Quando ocorrem catástrofes ou guerras violentas, vitimando milhares de
pessoas, é comum vir à tona a insistente pergunta: por onde andava Deus, nessa
hora? Algumas religiões se safam de perguntas constrangedoras como esta,
apelando para a fé. Quando não conseguem respostas, sempre recorrem ao
repisado chavão: é preciso apenas ter fé, e nada mais. O conformista comum,
que nasceu ouvindo a mesma ladainha transmitida de geração em geração, cala-se
e recolhe-se à sua insignificância de mero mortal. Felizmente, não me
considero tão conformado a ponto de contentar-me com tal disparate. Gostaria,
mesmo, de saber por onde anda Deus nos momentos das grandes catástrofes, que
não levanta a mão para acudir seus filhos. É comum ouvirmos: “se assim
aconteceu é por que Deus quis e sobre os seus desígnios não nos é dado
conhecer”. Ou os religiosos imaginam que somos todos uns imbecis, ou nem eles
sabem de nada, o que é bem mais provável.
Entretanto, partindo da premissa de que Deus existe e não toma qualquer
providência nessas horas difíceis, chego à conclusão de que Ele assim age por
absoluto apego à ética. Talvez prefira permanecer imparcial, sem se intrometer
na vidinha medíocre de suas criaturas, para que não seja acusado de
tendencioso.
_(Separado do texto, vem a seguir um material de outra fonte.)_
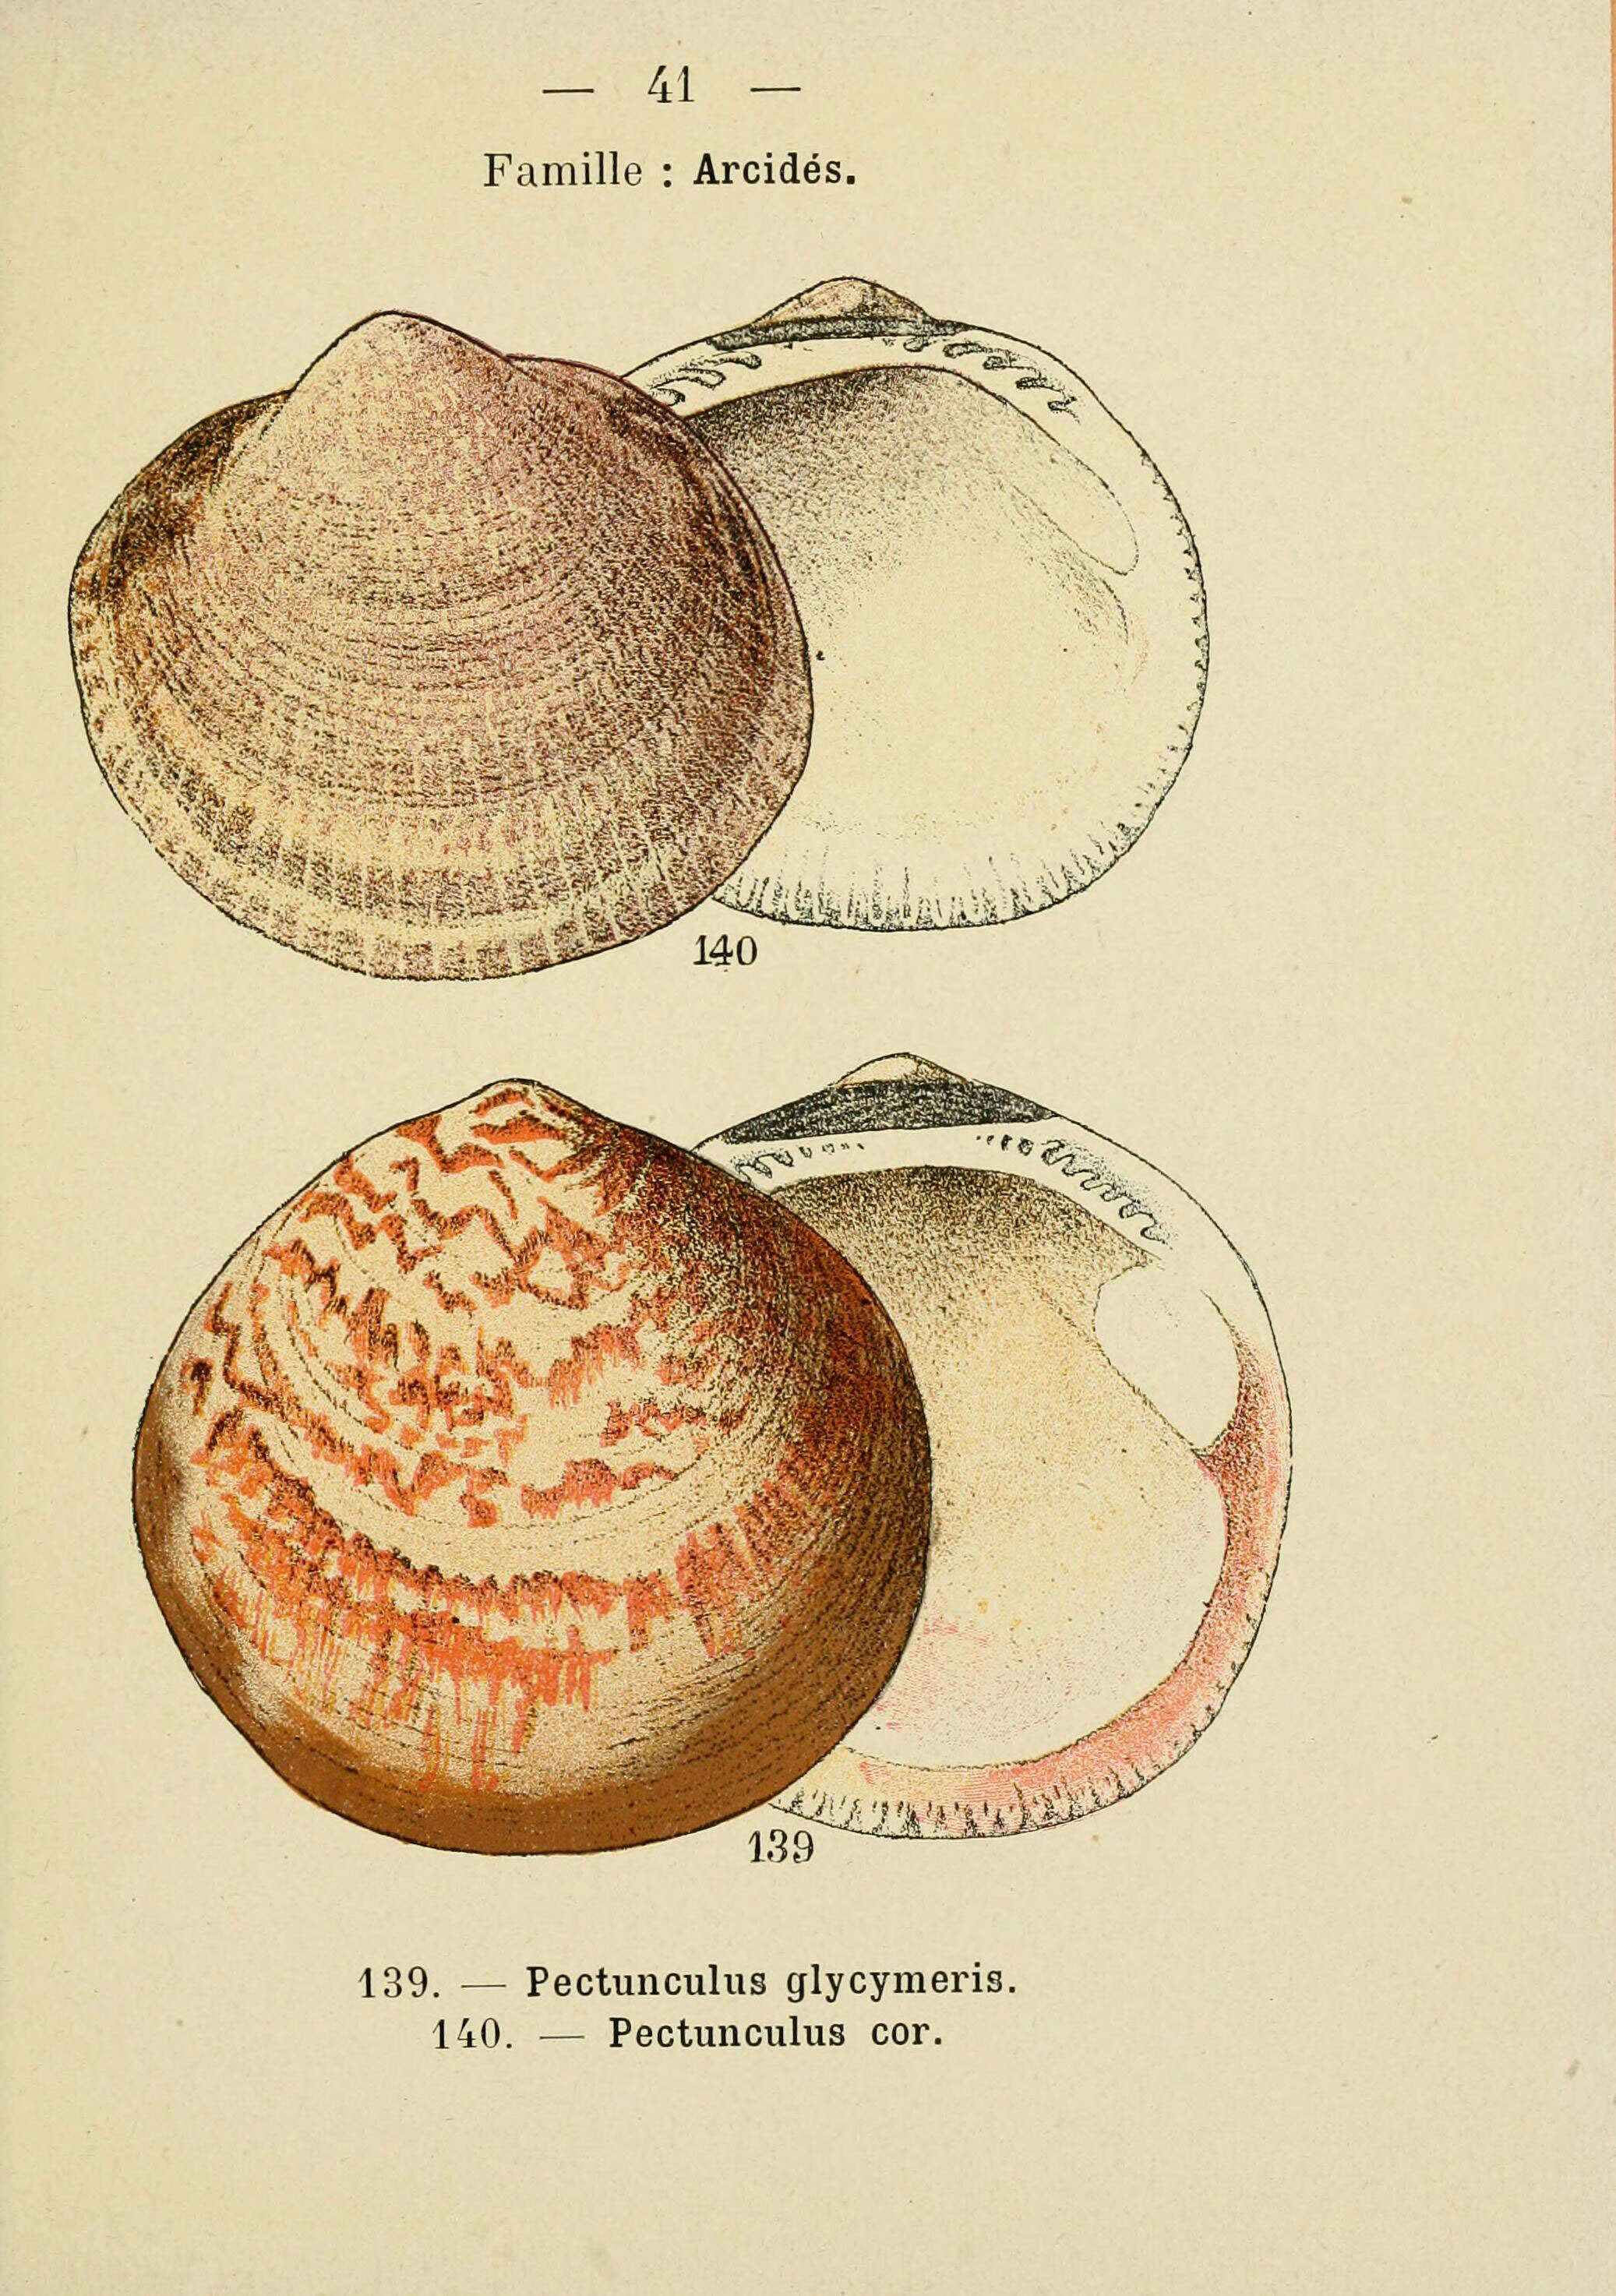 Plancia ëd Glycymeris glycymeris (Linnaeus 1758)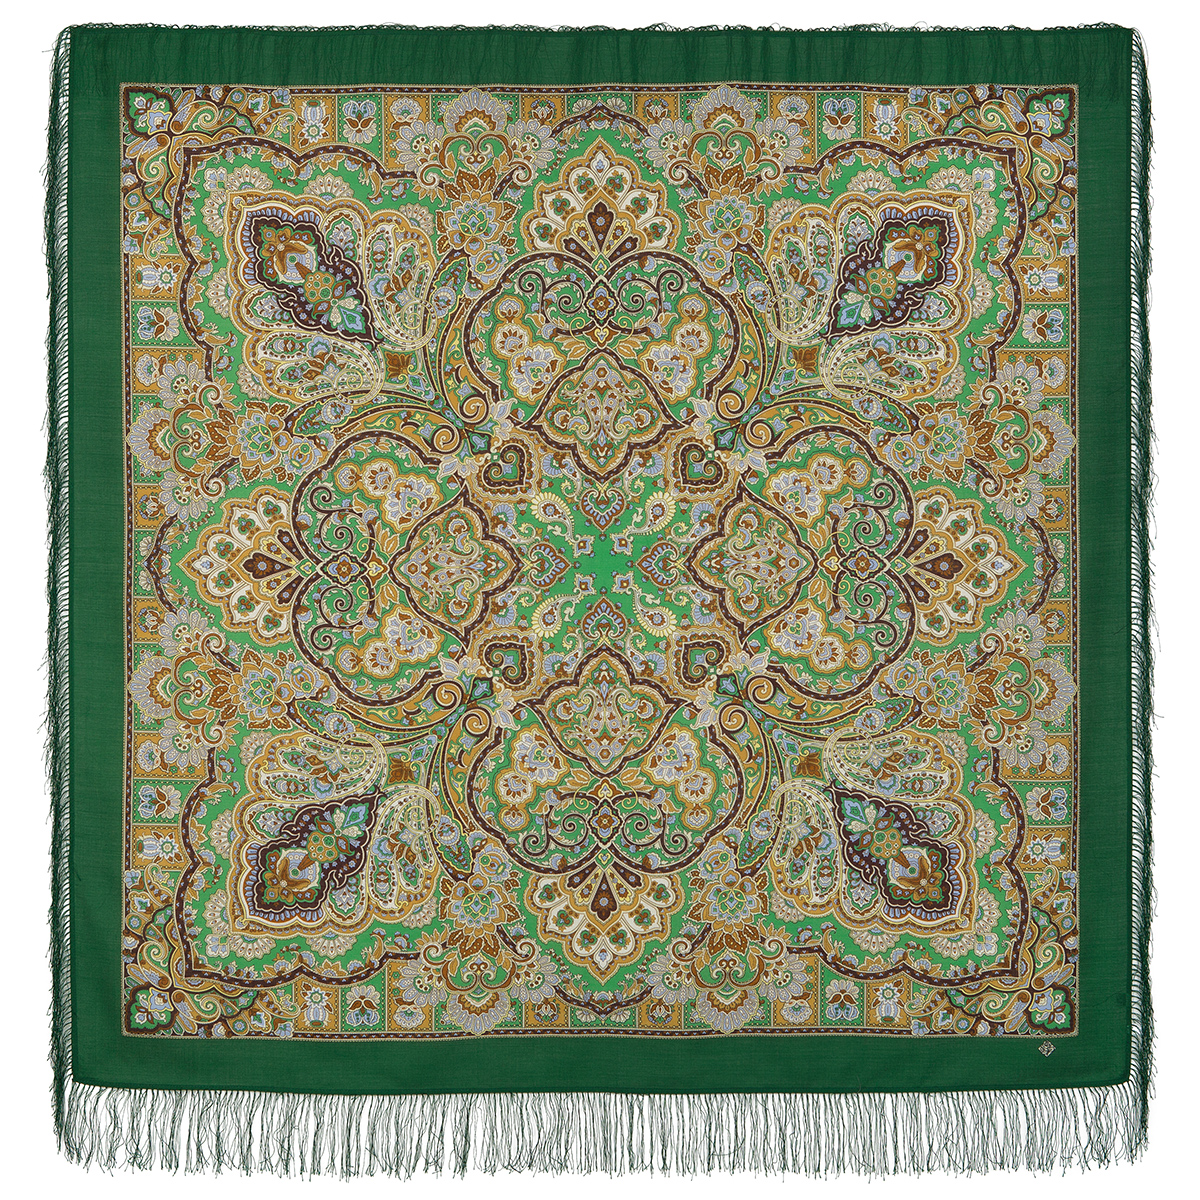 Платок женский Павловопосадский платок 1686 темно-зеленый/коричневый, 146х146 см

Para os ateus, Ele nem sequer existe e nós é que perdemos tempo
procurando respostas inexistentes. Tenho de admitir que muito me incomoda o
fato de os africanos morrerem na pobreza extrema, enquanto muitos países ricos
se esbaldam na fartura. De igual forma, não encontro justificativa capaz de
explicar por que poucos têm tanto e muitos têm nada. A única resposta que
encontro é a mesma de sempre: “tenha fé; se assim é, é porque Deus quer”. Os
espíritas tentam explicar todas essas injustiças com o argumento de que são
pagamentos de várias reencarnações passadas, e um sujeito que foi riquíssimo
em outras vidas pode ser agora um mendigo, na busca incessante pela
purificação da alma. Que me perdoem, mas também não posso simplesmente
acreditar nisso. Onde estão as provas? Quem me garante que é assim mesmo? Por
que o sujeito não se lembra da vida passada, quando foi rico? Quem sabe com a
morte poderemos ficar sabendo a verdade? Ou não.
Confesso que fiquei intrigado com o Deus do Antigo Testamento: Ele é muito
parcial. Matou milhares de egípcios para proteger o povo de Israel. Não
satisfeito, mandou matar os que já habitavam Canaã, a terra prometida. Matou
até Moisés, seu fiel seguidor. Ora, não somos todos filhos Dele? Que espécie
de pai é esse que prefere um filho em detrimento de outro? Além do mais, é um
Deus extremamente ciumento, cheio de vontades. O meu Deus é repleto de bondade
e misericórdia, calmo, sereno, barbona branca e um olhar carinhoso. É Cristo
bem velhinho, mas sem aquela aparência americanizada, pois me recuso a
acreditar que Ele tenha os olhos claros, aqueles cabelos longos de Oswaldo
Montenegro e a barba bem feita. O meu Deus é amoroso, mas sem as inconstâncias
de humor do Deus do Velho Testamento e, lógico, possui um nariz bem grande,
afinal nasceu judeu. Já para o cientista Jack Milles, Cristo é Deus
arrependido. Pode ser. Ele arrependido é bem melhor.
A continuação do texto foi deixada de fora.